The formula is A = (R((1+ i)^n -1))/i
R is the regular payments
i is the interest
n is the number of compounding periods
Determine the amount of each ordinary simple annuity.
A) $650 deposited every 6 months for 8 years at 9% per year compounded semi-annually.
B) $375 deposited every month for 6 years at 5.9% per year compounded monthly
CAN SOMEONE HELP ME GET STARTED ON THESE QUESTIONS? I started it but I was getting different answers from the textbook.
Um, I guess plug in the numbers into the formula? I mean, I don't really get your problem.

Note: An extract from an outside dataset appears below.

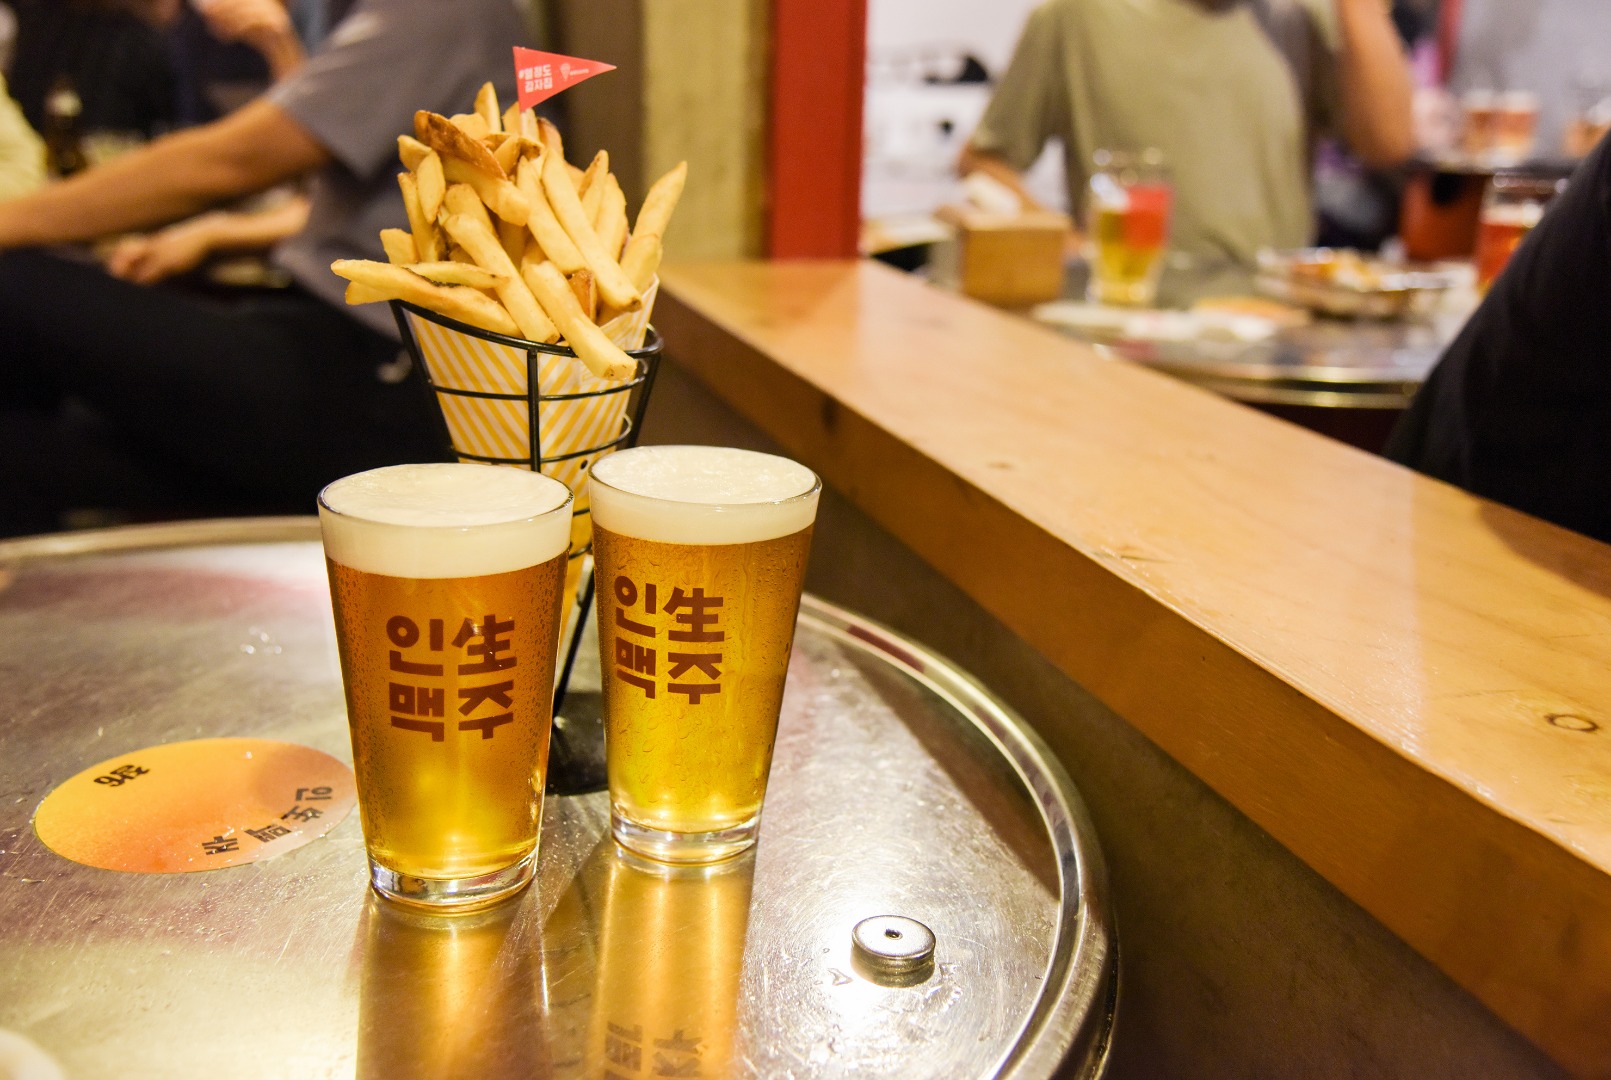 首爾熱情島土豆屋薯條 & 啤酒優惠套餐
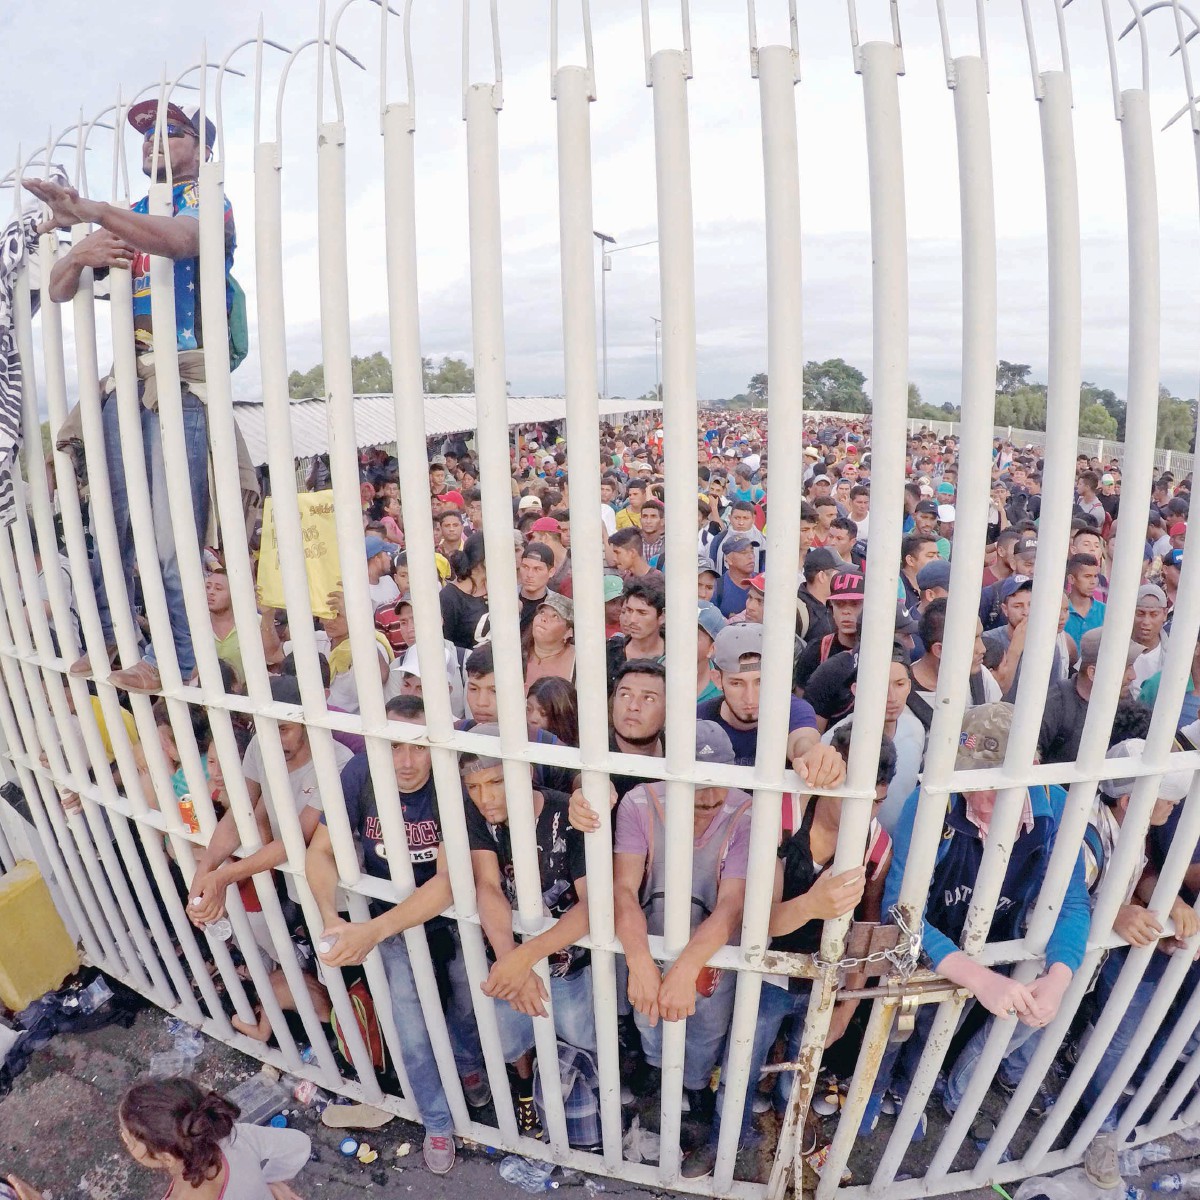 México rebasa a EU en expulsión de migrantes

I’m getting different answers
To determine the amount of each ordinary simple annuity, we can use the formula:
A = (R((1+ i)^n -1))/i
Let's start by calculating the amount for question A:
A) $650 deposited every 6 months for 8 years at 9% per year compounded semi-annually.
In this case:
R = $650 (the regular payment)
i = 9%/2 (since it is compounded semi-annually, we divide the annual interest rate by 2)
n = 8 years * 2 (since it is compounded semi-annually, we multiply the number of years by 2 as there are two compounding periods per year)
Now, let's plug in the values into the formula and solve for A:
A = (650 * ((1 + (9%/2))^(8*2) - 1)) / (9%/2)
Simplifying the equation further:
A = (650 * ((1 + 0.045)^(16) - 1)) / (0.045)
Using a calculator or spreadsheet, we can find the value of A to be approximately $7,556.09.
Now, let's move on to question B:
B) $375 deposited every month for 6 years at 5.9% per year compounded monthly.
In this case:
R = $375 (the regular payment)
i = 5.9%/12 (since it is compounded monthly, we divide the annual interest rate by 12)
n = 6 years * 12 (since it is compounded monthly, we multiply the number of years by 12 as there are twelve compounding periods per year)
Now, let's plug in the values into the formula and solve for A:
A = (375 * ((1 + (5.9%/12))^ (6*12) - 1)) / (5.9%/12)
Simplifying the equation further:
A = (375 * ((1 + 0.00492)^(72) - 1)) / (0.00492)
Using a calculator or spreadsheet, we can find the value of A to be approximately $28,872.11.
Make sure to double-check the calculations and ensure that the values you used for R, i, and n are accurate, as discrepancies may lead to different answers from the textbook.